This is a collection of tests that were run using shared dictionaries to gauge their likly effectiveness for static and dynamic resource flows.
As of the time of this writing, the brotli command-line utility only uses external compression dictionaries for compression levels of 5 or higher so gains over brotli alone will only be visible at those compression settings. The vast majority of gains are achieved at level 5 which is what is used for the examples below (higher levels tended to show roughly the same gains over regular brotli at the same compression level).
In static resource flows, an existing version of a resource can be used as a dictionary for a new version of the resource. This can be useful for application updates, shipping just the differences from what the user currently has. It can be used for updating the exact same resource in-place (exact same URL) like with well-known scripts that expire and update in-place or it can be used with URL variations where the build number or hash of the code is included in the URL.
It works independent of resource type and can work well for JavaScript, CSS, WASM and most text-based resources.
There is a test tool available here that, provided an old and new URL for a given resource, will evaluate how well the new version of a resource compresses if the previous version is used as a dictionary and compares it to regular brotli compression. To get URLs for old versions of resources, the Wayback machine works very well for getting previous versions of resources if they have a snapshot of a page that used it (open the page in the wayback machine with dev tools open to get the URL for the snapshot version of the resource you are looking for).
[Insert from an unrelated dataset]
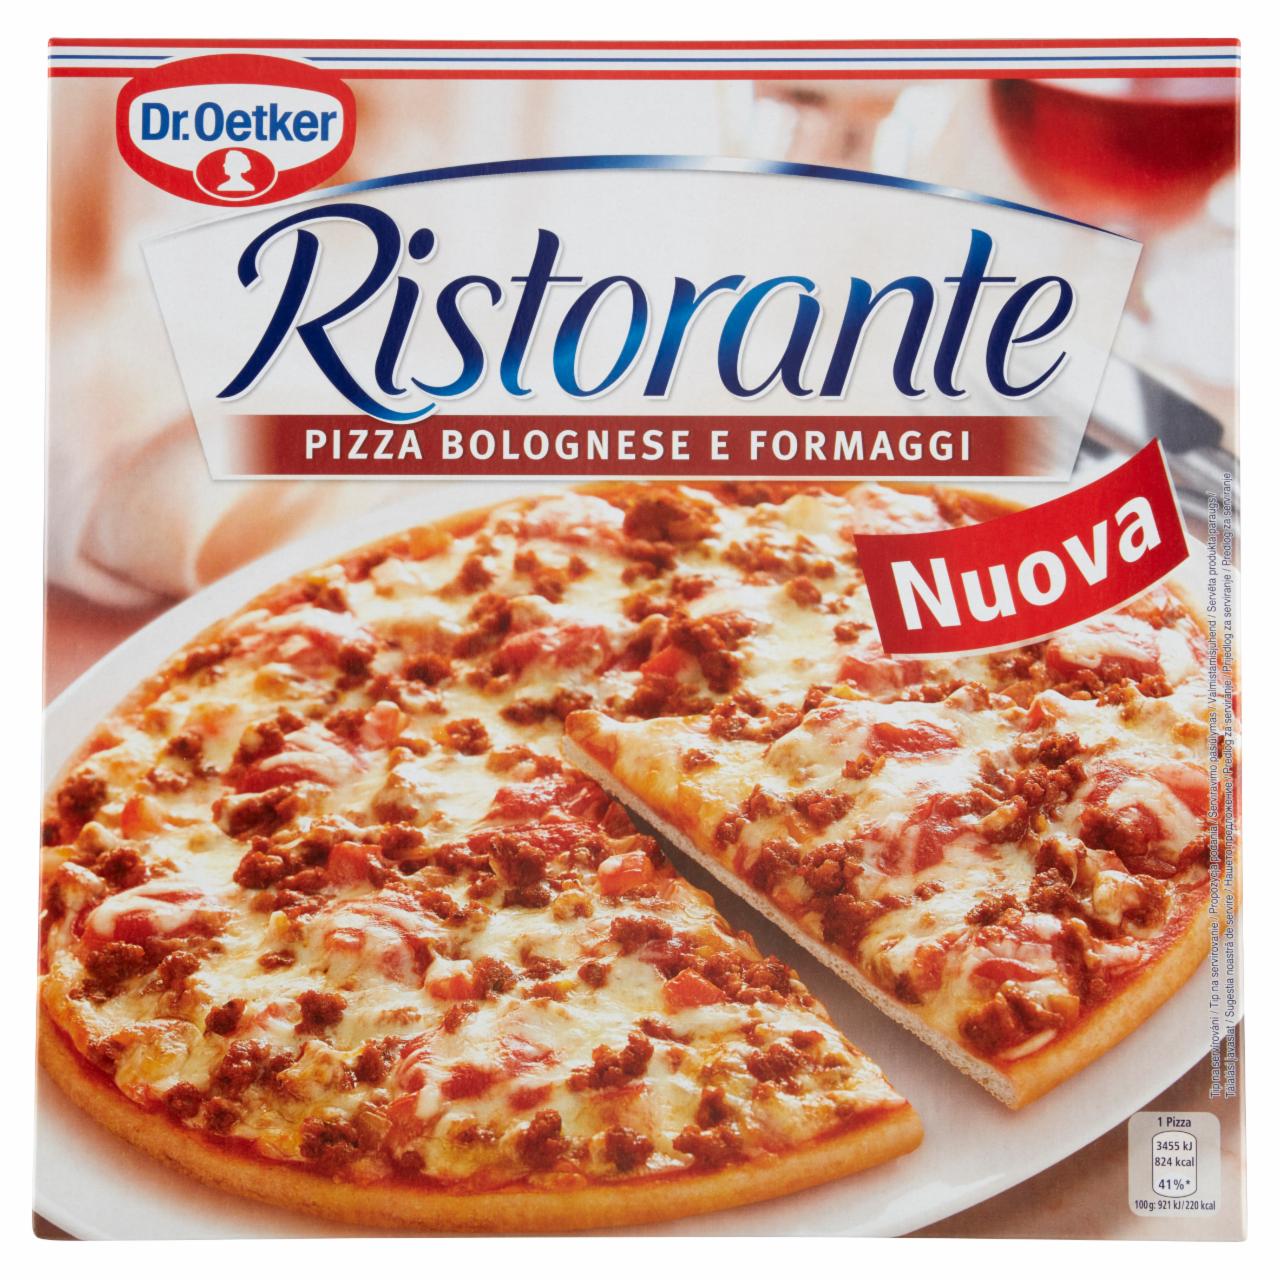 Képek - Dr. Oetker Ristorante Pizza Bolognese E Formaggi gyorsfagyasztott pizza paradicsommal 375 g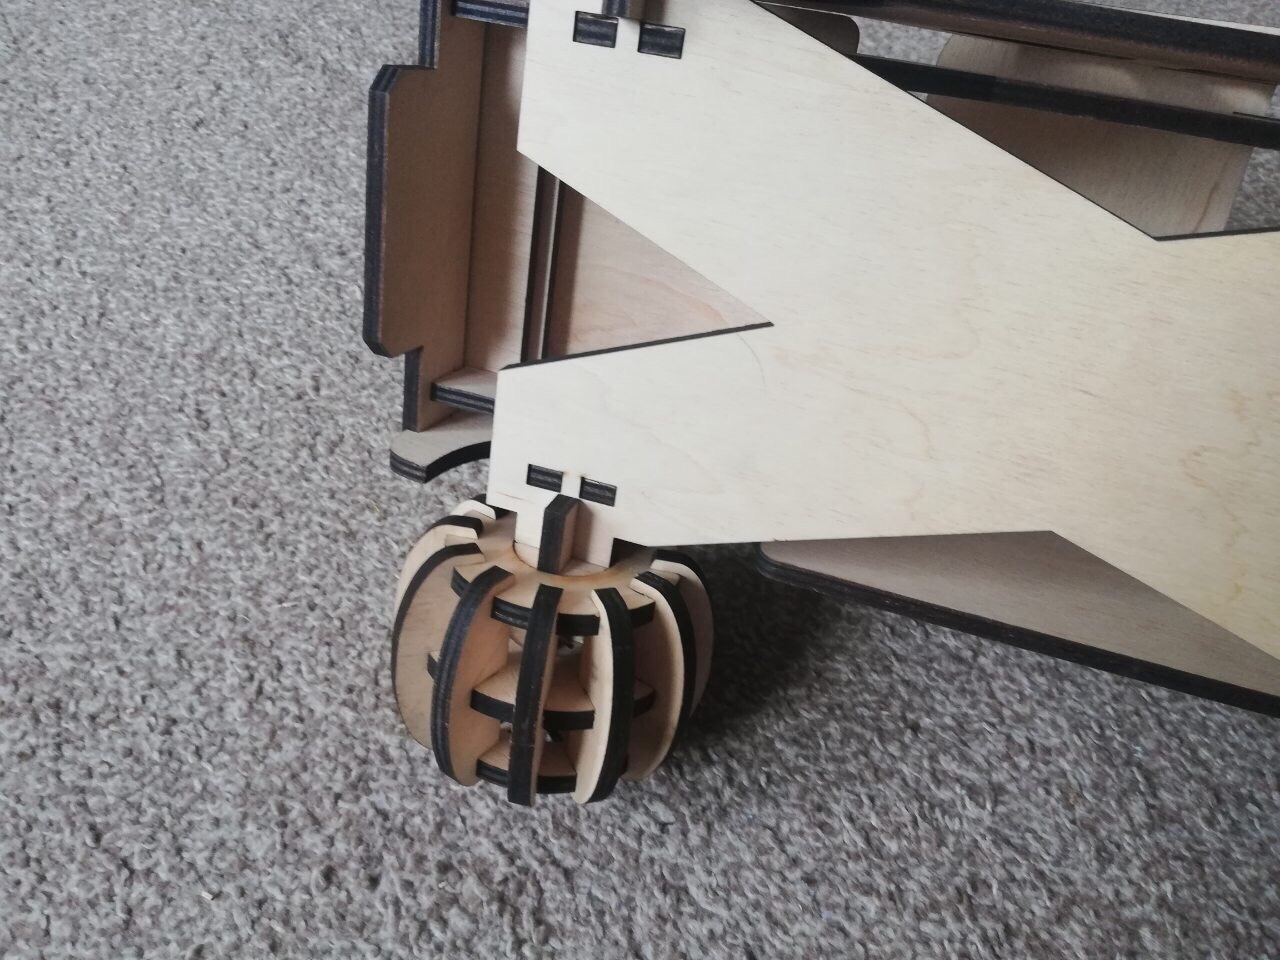 Laser Cut Wooden Toy Truck 3D Model Free Vector

In dynamic resource flows, an external dictionary is built specifically for a set of resources, is downloaded out-of-band and used as a dictionary for requests on a specified path. An example of this is building a dictionary for the HTML for product listing pages. The dictionary can extract the "common" parts of the page so that navigating across multiple, different pages only sends down the part of the HTML that is unique for each page. The effectiveness of the external dictionary depends on how much of the content across pages is common and the useful lifetime of the dictionary depends on how frequently that common content changes.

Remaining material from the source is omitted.